▸ Work item: For each line below, check for the word "suede", then state how many lines contain it, with no other output.

********************

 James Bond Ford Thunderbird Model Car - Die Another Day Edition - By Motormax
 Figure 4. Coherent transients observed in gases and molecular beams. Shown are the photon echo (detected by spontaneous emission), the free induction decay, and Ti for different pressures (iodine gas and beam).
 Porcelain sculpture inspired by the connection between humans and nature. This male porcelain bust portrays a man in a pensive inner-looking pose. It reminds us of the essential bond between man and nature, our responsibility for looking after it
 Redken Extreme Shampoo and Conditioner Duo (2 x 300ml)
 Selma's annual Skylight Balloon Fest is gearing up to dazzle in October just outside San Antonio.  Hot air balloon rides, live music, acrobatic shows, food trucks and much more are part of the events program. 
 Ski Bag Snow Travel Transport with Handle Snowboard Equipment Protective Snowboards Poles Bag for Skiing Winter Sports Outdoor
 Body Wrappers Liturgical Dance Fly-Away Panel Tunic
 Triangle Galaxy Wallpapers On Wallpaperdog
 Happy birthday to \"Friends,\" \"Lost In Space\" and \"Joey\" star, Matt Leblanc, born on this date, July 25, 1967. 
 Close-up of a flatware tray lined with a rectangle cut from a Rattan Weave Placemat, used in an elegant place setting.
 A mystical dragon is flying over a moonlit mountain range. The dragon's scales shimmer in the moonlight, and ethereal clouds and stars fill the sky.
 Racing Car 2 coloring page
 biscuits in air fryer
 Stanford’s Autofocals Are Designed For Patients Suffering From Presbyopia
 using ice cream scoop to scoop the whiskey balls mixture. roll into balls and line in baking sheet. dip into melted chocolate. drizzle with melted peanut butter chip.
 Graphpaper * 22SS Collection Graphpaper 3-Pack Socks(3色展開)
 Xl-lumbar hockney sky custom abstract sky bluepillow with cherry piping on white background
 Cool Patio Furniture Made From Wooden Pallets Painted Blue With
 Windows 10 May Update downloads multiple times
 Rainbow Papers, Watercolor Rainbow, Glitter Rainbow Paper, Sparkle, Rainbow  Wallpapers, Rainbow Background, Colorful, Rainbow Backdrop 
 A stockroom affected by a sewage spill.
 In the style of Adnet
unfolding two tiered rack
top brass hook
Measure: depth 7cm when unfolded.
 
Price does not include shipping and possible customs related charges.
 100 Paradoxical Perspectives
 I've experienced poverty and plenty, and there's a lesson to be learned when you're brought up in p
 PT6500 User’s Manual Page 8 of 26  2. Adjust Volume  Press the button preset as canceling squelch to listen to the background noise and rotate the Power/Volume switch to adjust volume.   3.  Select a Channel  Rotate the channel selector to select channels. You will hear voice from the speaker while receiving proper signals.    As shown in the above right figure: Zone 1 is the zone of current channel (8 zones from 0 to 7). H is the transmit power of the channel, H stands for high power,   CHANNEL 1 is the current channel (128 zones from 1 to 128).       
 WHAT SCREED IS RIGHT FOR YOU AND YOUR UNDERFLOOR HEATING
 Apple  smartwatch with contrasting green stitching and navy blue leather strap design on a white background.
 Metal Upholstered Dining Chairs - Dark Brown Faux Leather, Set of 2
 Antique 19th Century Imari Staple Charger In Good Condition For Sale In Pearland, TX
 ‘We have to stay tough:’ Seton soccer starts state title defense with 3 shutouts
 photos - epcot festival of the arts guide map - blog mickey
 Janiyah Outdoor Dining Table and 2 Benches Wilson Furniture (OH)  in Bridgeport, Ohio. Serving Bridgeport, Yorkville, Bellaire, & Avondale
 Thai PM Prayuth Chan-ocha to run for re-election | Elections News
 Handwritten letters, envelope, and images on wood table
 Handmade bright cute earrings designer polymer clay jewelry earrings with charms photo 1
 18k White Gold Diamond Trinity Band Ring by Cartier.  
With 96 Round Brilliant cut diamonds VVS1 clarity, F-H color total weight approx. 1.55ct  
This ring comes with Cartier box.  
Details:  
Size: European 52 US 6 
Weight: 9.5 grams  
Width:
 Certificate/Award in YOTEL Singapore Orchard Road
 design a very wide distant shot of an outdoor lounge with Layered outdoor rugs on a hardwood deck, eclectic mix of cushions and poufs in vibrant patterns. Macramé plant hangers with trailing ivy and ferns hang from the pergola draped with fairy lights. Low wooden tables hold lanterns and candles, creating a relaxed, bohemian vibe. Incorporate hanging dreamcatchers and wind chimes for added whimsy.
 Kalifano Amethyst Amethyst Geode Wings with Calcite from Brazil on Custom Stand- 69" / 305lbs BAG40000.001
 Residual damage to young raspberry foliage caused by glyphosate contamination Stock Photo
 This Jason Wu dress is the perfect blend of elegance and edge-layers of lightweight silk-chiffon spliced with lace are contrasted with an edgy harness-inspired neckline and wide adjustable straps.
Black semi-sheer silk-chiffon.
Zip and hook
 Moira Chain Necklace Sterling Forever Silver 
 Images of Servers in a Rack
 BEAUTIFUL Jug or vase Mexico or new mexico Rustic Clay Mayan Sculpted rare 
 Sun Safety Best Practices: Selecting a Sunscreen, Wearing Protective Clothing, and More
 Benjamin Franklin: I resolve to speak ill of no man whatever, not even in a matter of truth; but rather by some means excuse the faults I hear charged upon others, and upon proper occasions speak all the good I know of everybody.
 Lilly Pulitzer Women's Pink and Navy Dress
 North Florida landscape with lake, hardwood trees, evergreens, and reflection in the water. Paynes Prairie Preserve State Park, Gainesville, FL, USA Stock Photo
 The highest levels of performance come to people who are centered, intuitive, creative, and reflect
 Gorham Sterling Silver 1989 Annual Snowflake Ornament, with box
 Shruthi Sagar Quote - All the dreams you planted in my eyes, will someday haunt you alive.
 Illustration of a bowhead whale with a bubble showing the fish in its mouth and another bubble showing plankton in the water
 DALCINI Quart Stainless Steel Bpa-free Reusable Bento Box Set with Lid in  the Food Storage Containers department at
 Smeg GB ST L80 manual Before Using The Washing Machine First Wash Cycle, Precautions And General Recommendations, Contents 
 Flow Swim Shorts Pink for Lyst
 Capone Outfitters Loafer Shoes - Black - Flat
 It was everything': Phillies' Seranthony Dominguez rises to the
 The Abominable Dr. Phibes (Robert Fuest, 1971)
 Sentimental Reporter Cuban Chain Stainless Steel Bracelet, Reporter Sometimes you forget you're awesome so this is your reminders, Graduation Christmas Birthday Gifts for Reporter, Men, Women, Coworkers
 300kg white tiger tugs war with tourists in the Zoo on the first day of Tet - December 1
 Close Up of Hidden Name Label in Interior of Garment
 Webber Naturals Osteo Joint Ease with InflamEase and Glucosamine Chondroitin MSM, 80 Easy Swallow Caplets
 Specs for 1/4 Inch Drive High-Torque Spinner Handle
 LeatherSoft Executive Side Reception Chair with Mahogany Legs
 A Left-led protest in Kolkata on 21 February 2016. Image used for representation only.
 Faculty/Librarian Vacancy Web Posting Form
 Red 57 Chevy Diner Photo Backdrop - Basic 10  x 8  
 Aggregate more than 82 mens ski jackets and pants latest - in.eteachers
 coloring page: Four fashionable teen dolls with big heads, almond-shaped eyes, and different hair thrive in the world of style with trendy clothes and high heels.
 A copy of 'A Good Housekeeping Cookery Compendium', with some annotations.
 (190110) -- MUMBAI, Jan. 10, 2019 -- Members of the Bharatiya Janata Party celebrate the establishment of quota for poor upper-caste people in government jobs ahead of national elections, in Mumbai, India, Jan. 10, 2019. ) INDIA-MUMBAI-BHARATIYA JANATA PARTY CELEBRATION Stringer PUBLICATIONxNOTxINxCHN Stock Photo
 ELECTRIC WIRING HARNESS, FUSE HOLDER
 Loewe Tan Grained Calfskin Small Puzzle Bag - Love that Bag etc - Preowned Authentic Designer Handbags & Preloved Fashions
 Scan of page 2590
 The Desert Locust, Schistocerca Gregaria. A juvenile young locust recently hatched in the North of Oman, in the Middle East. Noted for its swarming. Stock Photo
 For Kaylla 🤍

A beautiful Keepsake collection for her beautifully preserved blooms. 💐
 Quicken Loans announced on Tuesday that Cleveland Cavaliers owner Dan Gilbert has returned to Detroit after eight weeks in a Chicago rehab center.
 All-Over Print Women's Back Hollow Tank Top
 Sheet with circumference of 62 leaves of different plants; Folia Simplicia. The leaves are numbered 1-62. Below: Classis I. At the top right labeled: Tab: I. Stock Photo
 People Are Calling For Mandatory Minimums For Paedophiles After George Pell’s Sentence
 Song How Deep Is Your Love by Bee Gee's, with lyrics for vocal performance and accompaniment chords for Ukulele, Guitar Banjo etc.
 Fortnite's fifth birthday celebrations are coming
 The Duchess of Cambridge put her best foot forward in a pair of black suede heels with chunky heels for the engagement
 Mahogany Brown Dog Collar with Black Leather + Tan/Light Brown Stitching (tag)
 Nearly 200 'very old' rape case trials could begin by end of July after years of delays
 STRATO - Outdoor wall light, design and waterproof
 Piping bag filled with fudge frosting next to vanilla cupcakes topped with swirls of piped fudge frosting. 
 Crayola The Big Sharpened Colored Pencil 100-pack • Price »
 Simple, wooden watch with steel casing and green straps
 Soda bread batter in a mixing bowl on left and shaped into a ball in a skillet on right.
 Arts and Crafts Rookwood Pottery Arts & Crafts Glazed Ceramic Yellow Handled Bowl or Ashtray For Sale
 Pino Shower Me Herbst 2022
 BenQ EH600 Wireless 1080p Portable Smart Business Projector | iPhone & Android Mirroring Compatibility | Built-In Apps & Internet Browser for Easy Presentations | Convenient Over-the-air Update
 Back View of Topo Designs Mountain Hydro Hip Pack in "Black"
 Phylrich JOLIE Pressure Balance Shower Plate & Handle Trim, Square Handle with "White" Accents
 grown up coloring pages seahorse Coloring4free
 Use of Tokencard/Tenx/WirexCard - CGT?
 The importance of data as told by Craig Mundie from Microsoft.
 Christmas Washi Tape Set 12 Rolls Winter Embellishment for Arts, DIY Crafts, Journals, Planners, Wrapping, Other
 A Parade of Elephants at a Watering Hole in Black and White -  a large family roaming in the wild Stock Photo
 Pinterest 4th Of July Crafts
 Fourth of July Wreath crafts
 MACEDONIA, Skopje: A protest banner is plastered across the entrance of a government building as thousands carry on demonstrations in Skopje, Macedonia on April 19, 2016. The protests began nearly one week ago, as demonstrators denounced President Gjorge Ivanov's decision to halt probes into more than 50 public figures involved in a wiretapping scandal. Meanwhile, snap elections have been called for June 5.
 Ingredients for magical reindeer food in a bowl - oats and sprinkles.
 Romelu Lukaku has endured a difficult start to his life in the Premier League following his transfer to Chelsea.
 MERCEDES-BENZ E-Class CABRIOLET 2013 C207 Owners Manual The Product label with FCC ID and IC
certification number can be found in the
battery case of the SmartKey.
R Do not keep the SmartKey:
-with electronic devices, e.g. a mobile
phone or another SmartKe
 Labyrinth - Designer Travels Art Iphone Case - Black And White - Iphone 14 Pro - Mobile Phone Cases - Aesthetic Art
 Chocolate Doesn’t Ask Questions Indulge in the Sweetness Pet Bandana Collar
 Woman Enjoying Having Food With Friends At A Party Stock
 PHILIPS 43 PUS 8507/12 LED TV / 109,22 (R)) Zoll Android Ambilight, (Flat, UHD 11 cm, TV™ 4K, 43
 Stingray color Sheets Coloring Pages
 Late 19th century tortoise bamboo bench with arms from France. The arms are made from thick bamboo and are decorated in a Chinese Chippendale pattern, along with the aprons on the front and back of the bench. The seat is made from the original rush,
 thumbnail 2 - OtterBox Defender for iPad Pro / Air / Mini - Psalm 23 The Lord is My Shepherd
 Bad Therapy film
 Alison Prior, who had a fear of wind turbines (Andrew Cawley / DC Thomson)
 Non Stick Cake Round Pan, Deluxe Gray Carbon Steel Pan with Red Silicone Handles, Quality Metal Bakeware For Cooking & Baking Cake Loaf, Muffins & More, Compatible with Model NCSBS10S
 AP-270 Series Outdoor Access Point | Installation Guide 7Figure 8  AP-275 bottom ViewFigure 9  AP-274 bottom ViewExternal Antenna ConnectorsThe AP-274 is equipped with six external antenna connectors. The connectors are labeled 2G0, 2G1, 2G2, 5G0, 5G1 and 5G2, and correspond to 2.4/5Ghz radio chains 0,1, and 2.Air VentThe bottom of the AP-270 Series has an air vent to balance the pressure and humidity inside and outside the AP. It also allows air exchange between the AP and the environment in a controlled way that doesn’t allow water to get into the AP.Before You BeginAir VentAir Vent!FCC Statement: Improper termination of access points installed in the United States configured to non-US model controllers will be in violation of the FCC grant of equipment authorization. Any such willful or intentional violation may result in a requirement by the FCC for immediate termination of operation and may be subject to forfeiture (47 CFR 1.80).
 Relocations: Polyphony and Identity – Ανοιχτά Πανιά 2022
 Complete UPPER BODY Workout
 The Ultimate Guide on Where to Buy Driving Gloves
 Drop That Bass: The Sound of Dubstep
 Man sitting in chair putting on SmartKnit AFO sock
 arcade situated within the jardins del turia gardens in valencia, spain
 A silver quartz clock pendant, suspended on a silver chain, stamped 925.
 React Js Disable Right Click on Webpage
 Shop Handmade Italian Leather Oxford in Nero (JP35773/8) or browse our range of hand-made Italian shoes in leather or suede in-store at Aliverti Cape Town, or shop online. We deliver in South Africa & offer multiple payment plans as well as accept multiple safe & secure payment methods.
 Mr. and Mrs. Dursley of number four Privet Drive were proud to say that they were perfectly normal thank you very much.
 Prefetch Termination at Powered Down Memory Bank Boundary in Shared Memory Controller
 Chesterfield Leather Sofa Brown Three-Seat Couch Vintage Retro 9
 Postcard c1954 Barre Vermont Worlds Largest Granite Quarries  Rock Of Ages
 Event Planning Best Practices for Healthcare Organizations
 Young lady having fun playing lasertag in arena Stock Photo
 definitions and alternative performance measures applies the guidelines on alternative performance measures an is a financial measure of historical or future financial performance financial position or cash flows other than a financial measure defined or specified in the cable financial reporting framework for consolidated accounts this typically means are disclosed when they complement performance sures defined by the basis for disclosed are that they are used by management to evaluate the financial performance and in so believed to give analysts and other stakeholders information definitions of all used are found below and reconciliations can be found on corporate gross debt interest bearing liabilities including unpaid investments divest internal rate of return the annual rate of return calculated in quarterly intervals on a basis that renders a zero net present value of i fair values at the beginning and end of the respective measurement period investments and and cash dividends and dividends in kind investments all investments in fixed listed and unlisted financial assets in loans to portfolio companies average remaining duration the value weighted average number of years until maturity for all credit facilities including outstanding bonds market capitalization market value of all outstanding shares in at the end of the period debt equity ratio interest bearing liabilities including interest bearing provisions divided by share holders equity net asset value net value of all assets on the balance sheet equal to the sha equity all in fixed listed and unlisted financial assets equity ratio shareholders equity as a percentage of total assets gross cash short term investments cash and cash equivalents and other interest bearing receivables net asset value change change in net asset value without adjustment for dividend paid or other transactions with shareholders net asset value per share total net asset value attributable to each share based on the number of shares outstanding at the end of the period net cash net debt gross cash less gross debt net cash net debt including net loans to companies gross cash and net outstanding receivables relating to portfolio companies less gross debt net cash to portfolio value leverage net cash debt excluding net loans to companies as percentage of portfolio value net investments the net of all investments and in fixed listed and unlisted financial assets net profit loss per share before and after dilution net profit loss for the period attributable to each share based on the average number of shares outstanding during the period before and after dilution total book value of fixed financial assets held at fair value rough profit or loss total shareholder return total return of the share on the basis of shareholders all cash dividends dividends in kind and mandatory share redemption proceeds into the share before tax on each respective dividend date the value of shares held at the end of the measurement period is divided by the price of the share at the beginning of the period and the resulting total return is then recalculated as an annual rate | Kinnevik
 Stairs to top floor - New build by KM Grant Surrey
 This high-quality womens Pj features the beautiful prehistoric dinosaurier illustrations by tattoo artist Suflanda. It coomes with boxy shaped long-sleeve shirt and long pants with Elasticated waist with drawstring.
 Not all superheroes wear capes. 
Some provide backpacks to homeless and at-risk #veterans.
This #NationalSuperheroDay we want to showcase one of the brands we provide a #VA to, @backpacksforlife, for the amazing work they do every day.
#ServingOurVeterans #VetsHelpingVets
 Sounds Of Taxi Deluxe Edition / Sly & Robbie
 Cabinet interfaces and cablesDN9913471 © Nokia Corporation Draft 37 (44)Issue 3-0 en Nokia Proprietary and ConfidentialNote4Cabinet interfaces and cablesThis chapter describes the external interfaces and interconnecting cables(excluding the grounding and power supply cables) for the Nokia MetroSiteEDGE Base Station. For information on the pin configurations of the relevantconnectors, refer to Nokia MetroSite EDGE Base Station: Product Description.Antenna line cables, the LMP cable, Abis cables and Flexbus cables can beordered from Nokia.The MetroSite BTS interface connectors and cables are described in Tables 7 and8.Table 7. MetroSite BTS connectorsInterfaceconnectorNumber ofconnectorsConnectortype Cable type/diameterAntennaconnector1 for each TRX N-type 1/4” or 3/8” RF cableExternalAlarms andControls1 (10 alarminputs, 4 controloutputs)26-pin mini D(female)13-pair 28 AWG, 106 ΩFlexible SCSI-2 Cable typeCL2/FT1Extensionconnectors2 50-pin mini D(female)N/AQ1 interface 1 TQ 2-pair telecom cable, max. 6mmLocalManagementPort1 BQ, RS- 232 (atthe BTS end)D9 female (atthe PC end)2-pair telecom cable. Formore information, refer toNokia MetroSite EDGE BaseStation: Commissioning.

********************

▸ Task solution: 2